* _INPUT_:
□ □ □ □ □ □ □

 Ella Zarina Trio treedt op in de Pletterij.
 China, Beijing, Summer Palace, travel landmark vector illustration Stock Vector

□ □ □ □ □ □ □

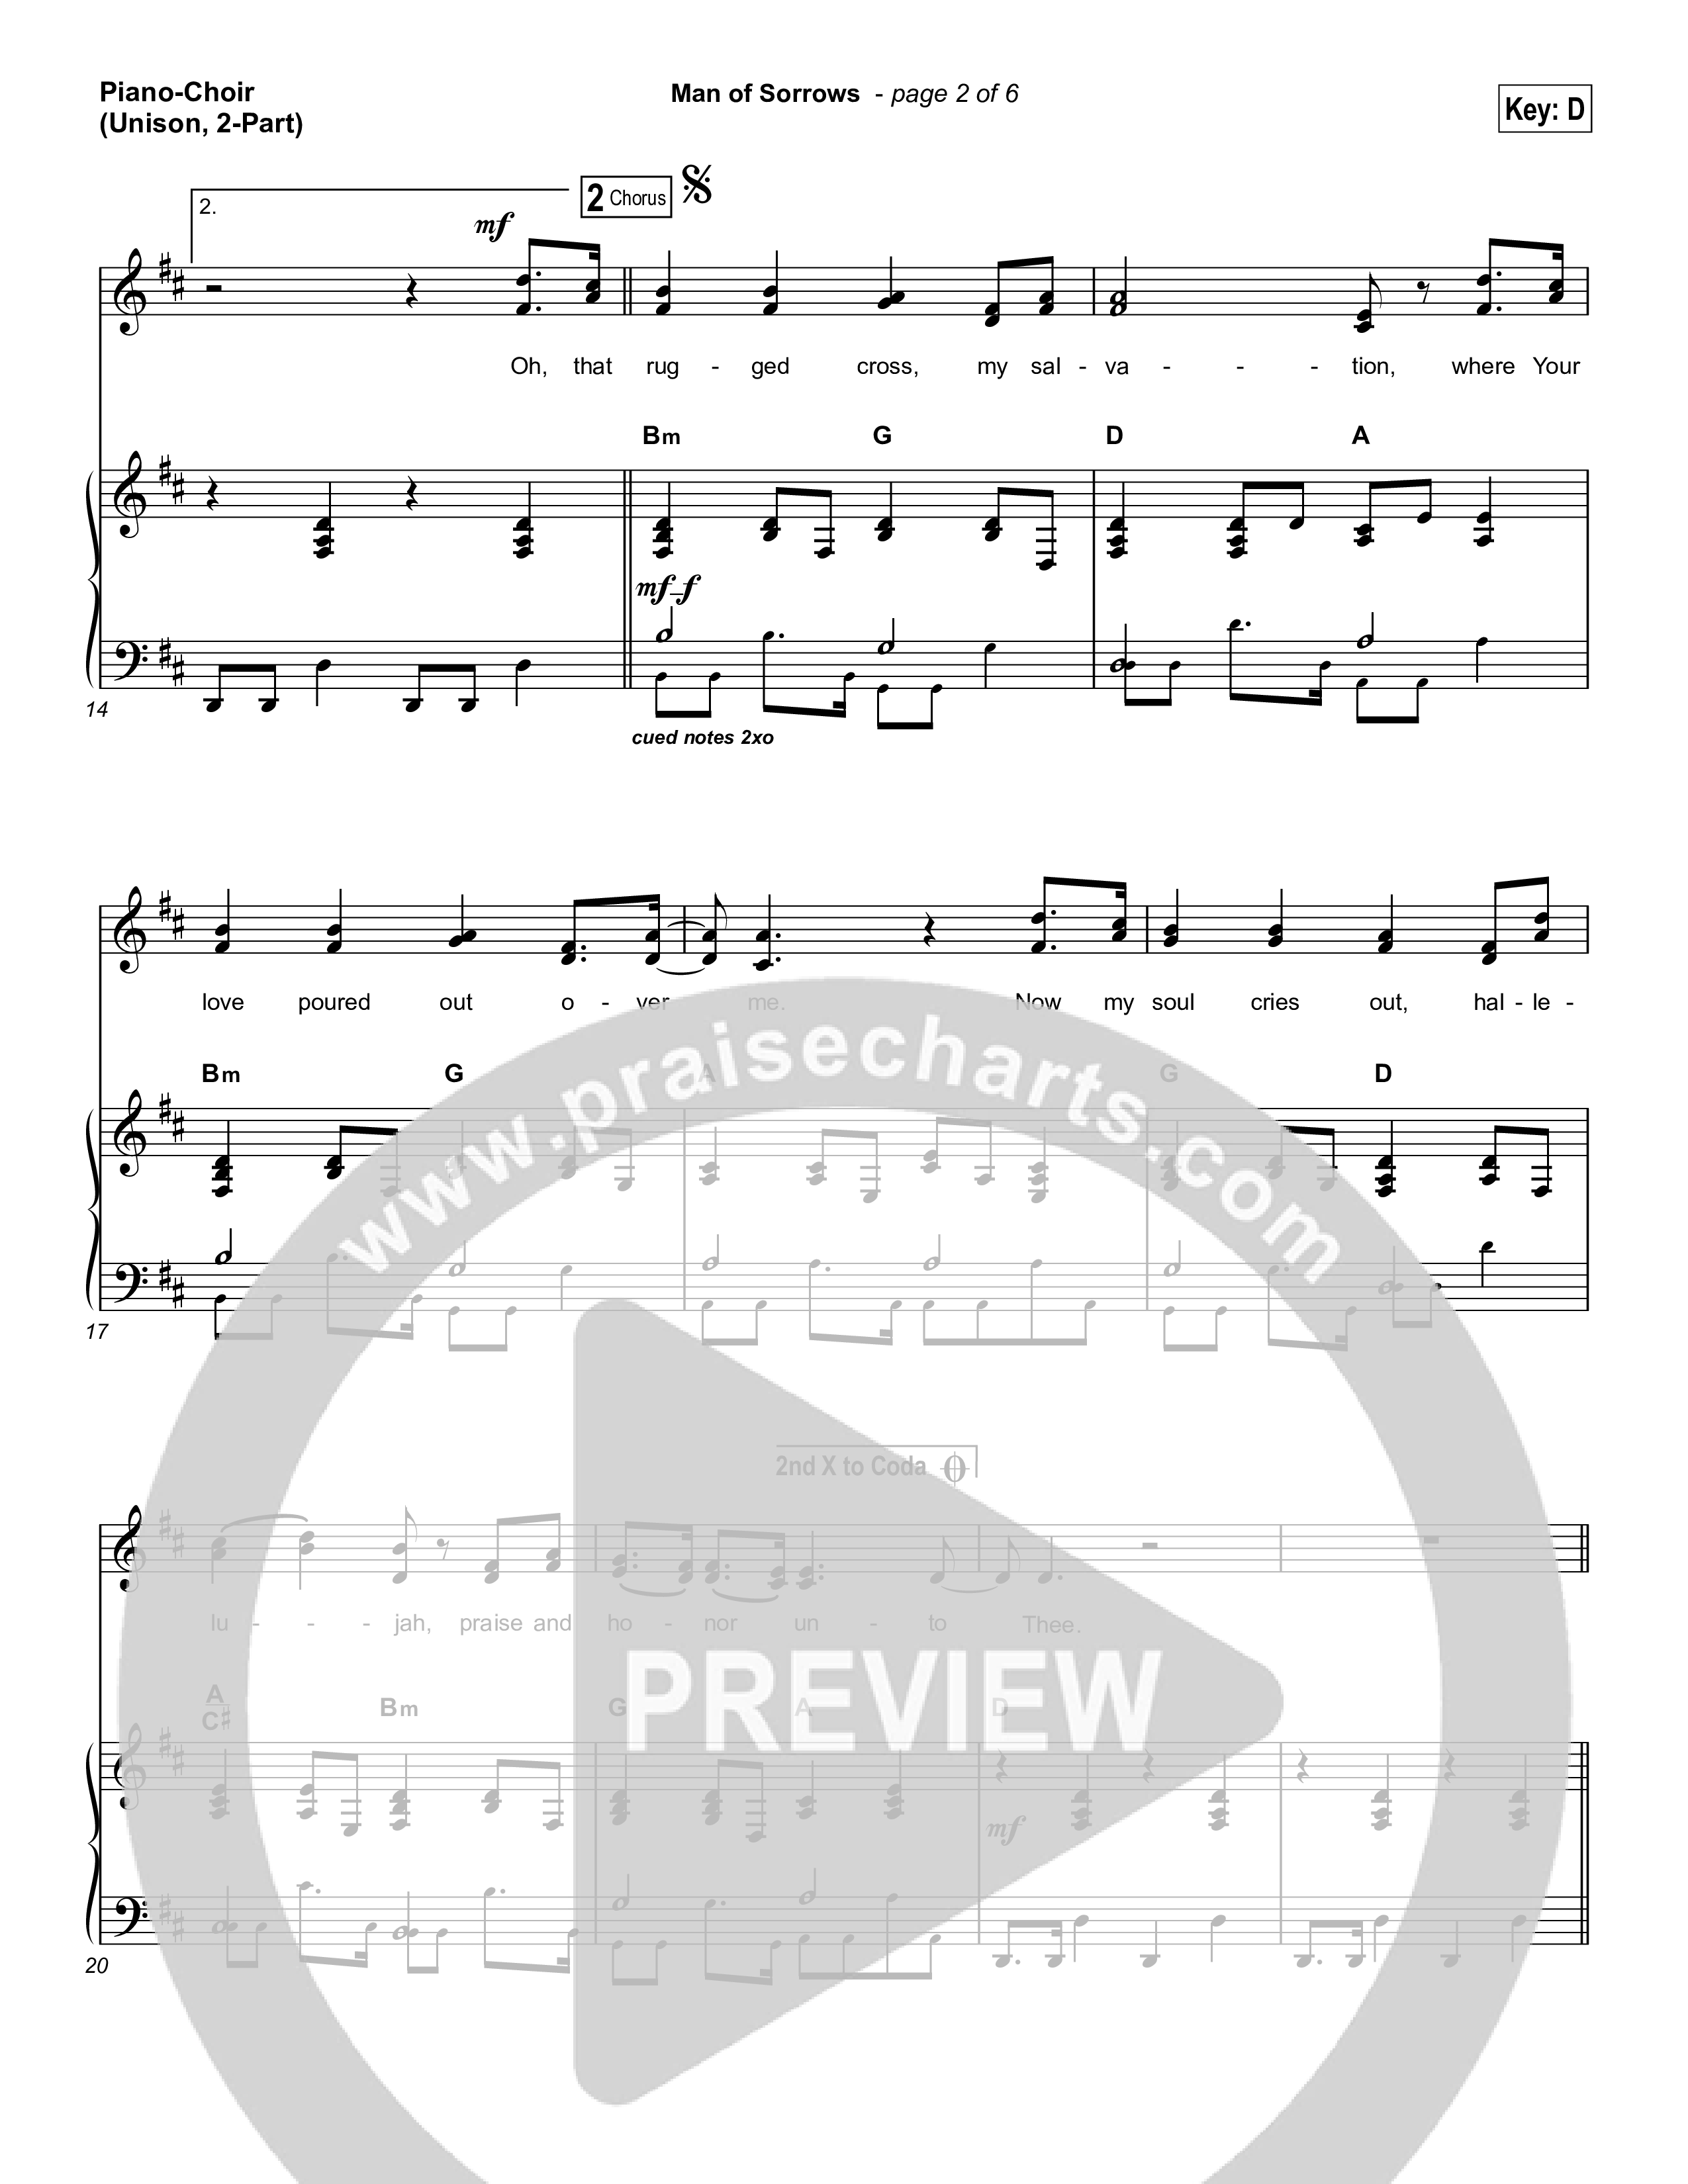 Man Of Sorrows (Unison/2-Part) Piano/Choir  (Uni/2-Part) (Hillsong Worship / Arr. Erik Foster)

□ □ □ □ □ □ □

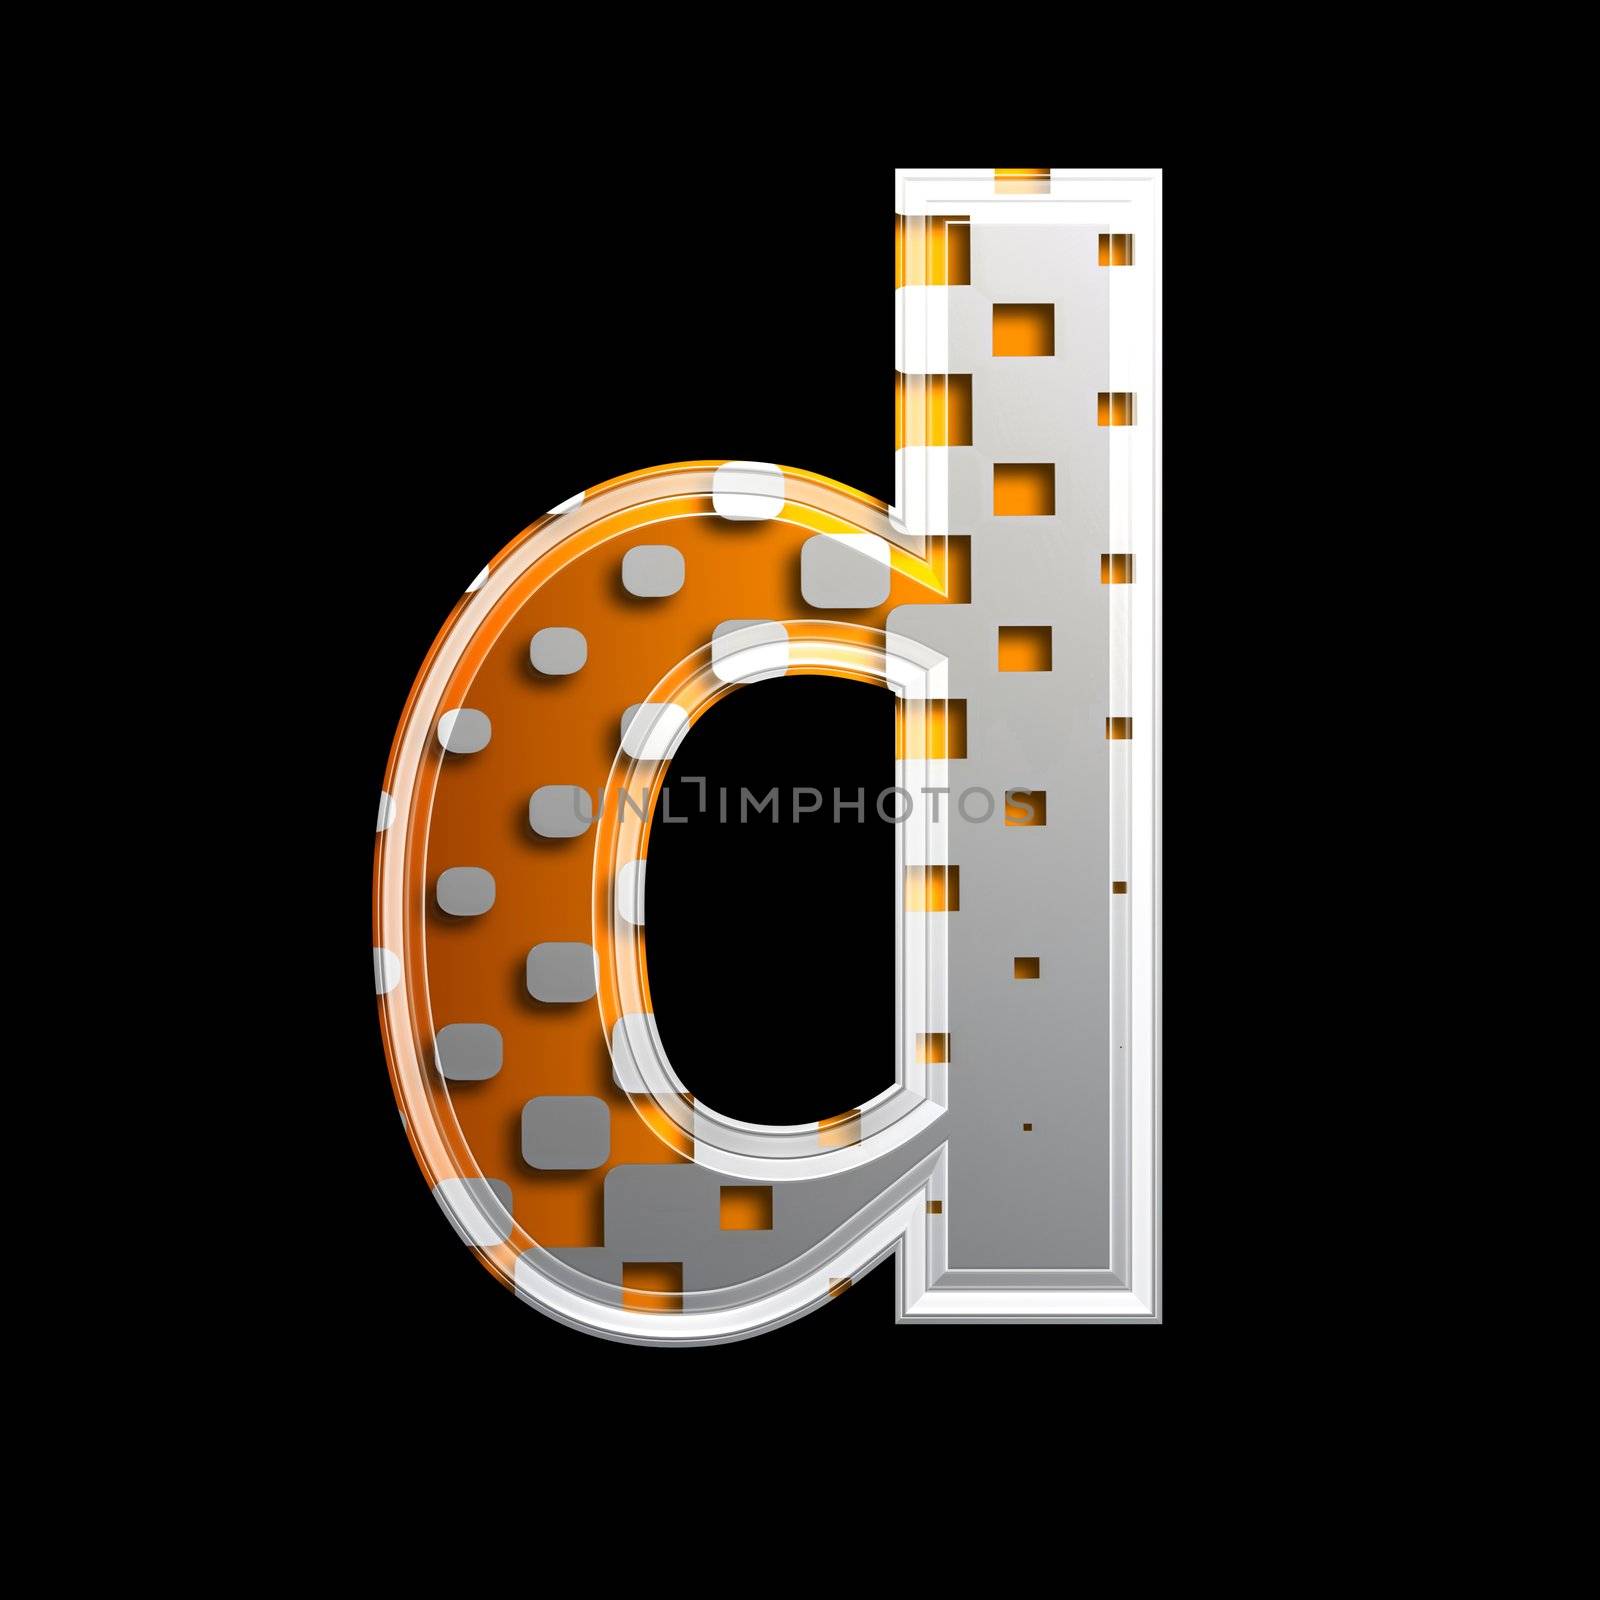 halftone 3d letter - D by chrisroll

□ □ □ □ □ □ □

* _TASK ITEM_: Above are the entries. Copy exactly the part that opens with the line containing "Ella Zarina Trio treedt op in de Pletterij." and closes with the line containing "China, Beijing, Summer", and no more.

* _THE COMPLETED TASK_:
 Ella Zarina Trio treedt op in de Pletterij.
 China, Beijing, Summer Palace, travel landmark vector illustration Stock Vector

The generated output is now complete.